Nothing mystical about it (again, outside certain episodes of TNG). It's about not exercising dominance, that's all. Not putting a thumb on the scales of other cultures (as so many Earth nations had been guilty of doing). Offering genuine humanitarian aid without strings attached—that's fine, and it's where the UFP should/would "interfere."

100% agreed.

Sci said:
I mean, the unavoidable implication of this explanation is that the Federation Starfleet practices segregation....

Why not?

:cardie:

Are you aware of how potentially offensive starting your argument off that way could be given the real-world implications of such a thing?

Surely in their era "segregration" is no longer associated with discrimination, or any form of unequal or preferred treatment the way it still is in our time, simply because the idea of unequal treatment is something they've left behind them for over three centuries.

See... the thing is, "separate but equal" is almost never actually equal. Equality inherently requires integration. Yes, in this fictional construct that is Star Trek, there may occasionally be biological necessities such as incompatible atmospheric requirements. But if you're constructing a work of fiction like Star Trek, I would say that creators have an obligation to depict diverse species and diverse real-world cultures as an integrated whole. Because there is no equal treatment without integration. In the real world, there is no such thing as separate but equal. There is no such thing as egalitarian segregation.

And within the fictional world of Star Trek, leaders should be aware that that same principle holds true, and should seek to minimize species segregation as much as possible.

And it could just be eminently practical to simply put all chlorine-breathing species on the same type of ships, and all oxygen breathing species on another contingent of ships. Otherwise, everyone would have to wear environmental suits on the job all the time.

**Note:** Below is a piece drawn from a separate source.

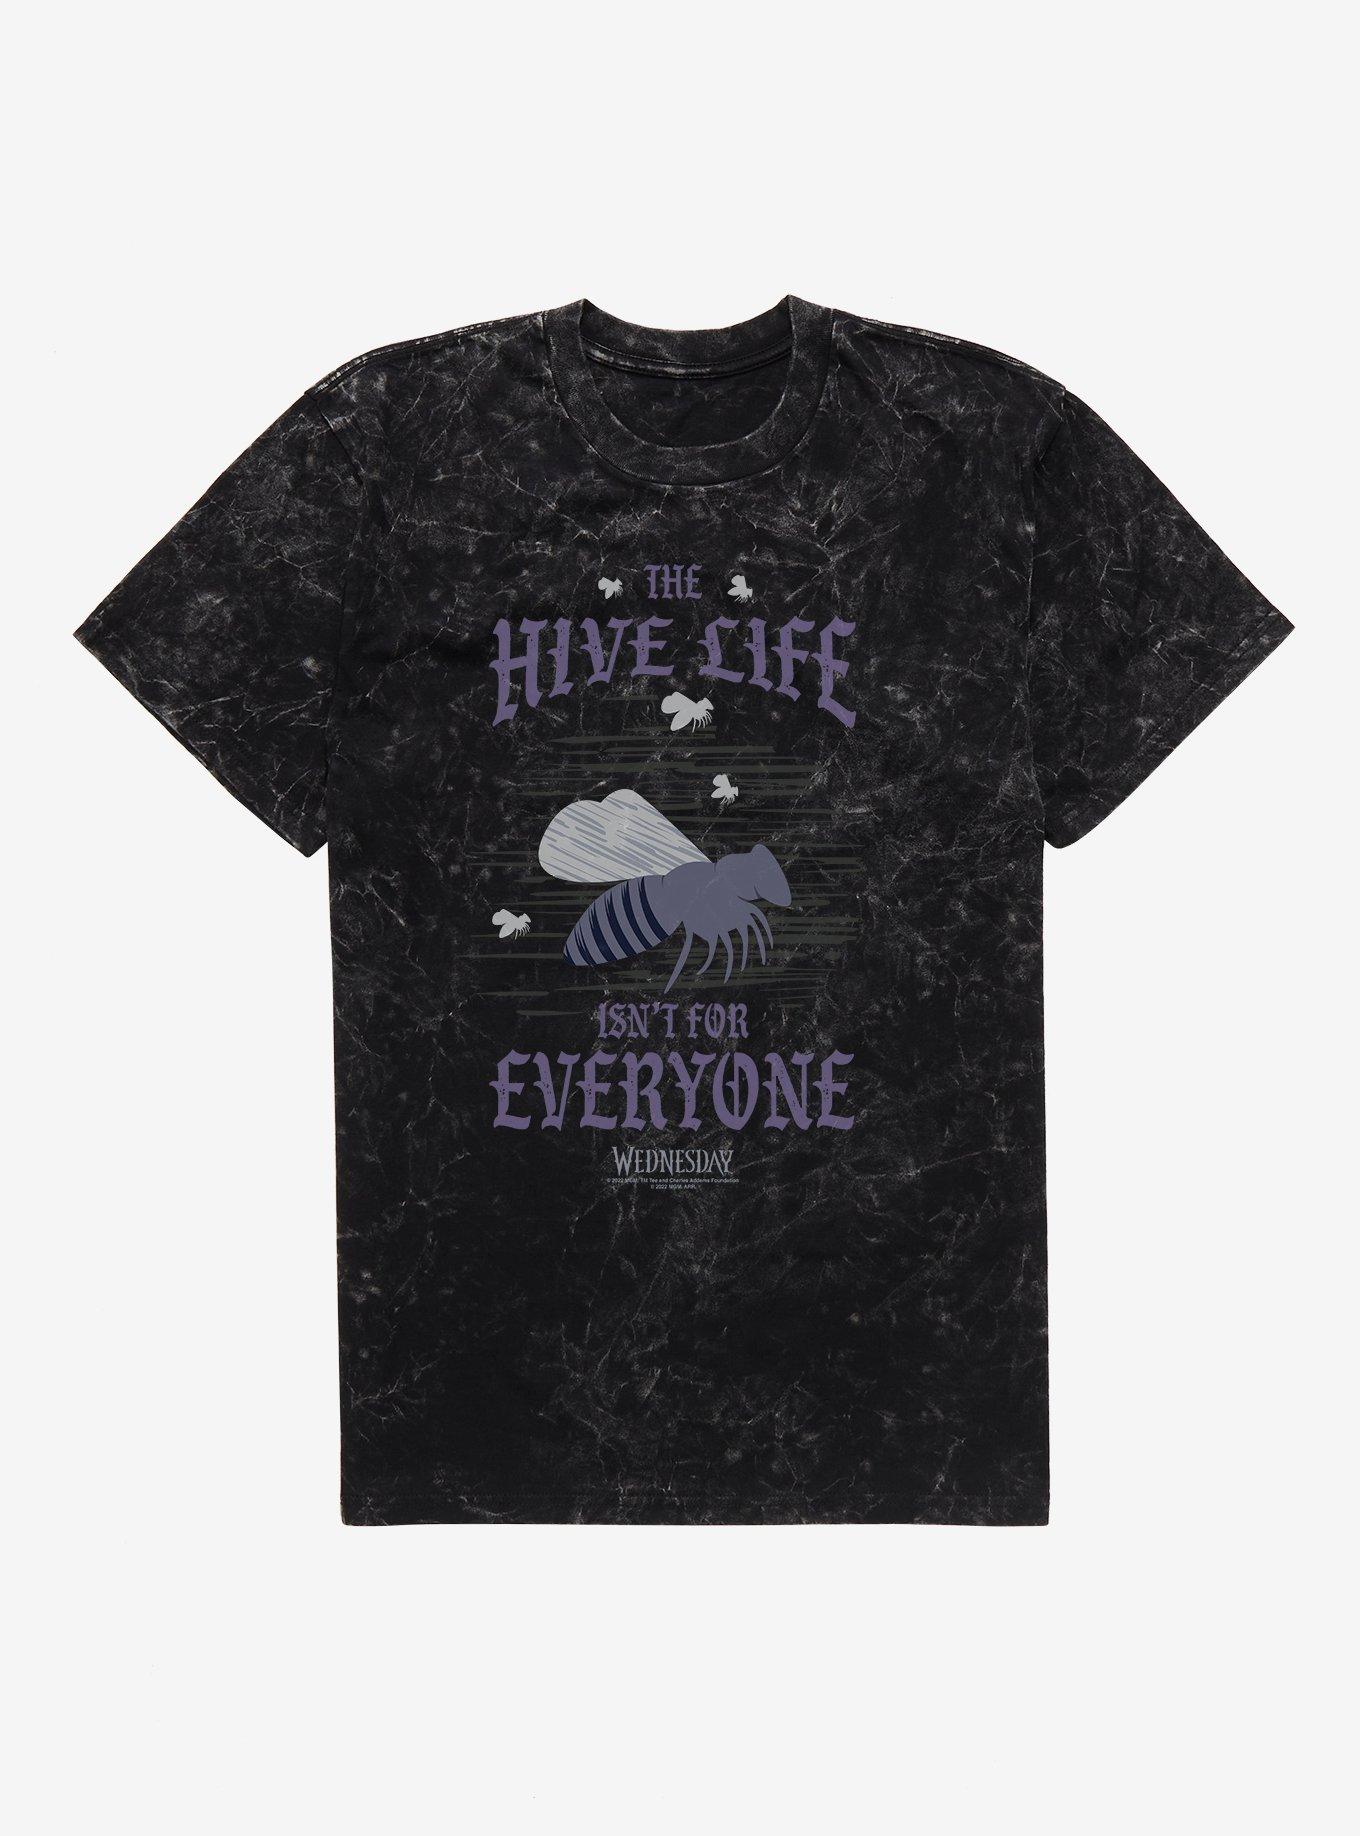 Wednesday The Hive Life Isn't For Everyone Mineral Wash T-Shirt, BLACK, hi-res

Sure -- a compelling biological necessity. But even then, that should be mitigated as much as possible. If you can have chlorine-breathing officers on an oxygen-breathing ship through special apparatuses without compromising crew safety or significantly compromising crew performance, you should. And vice versa. Equality comes from integration.

And even between lifeforms that can intermingle, such as Vulcans and Humans, perhaps most still prefer the company of their own species - given how for example Tuvok often is the butt of (goodhearted) jokes and pranks on Voyager, that would be understandable.

Better idea: Officers and crew who engage in such bigoted behavior should suffer disciplinary action, and officers from diverse cultures should be integrated into unified crews whenever biologically possible.
 
And within the fictional world of Star Trek, leaders should be aware that that same principle holds true, and should seek to minimize species segregation as much as possible.
This is why I find the humancentric nature of Star Trek uncomfortable, for me it reflects the eurocentric nature of life. What's the lesson for the TV audience, humans are soo special it takes us to create a UFP (ENT) and be its military leaders?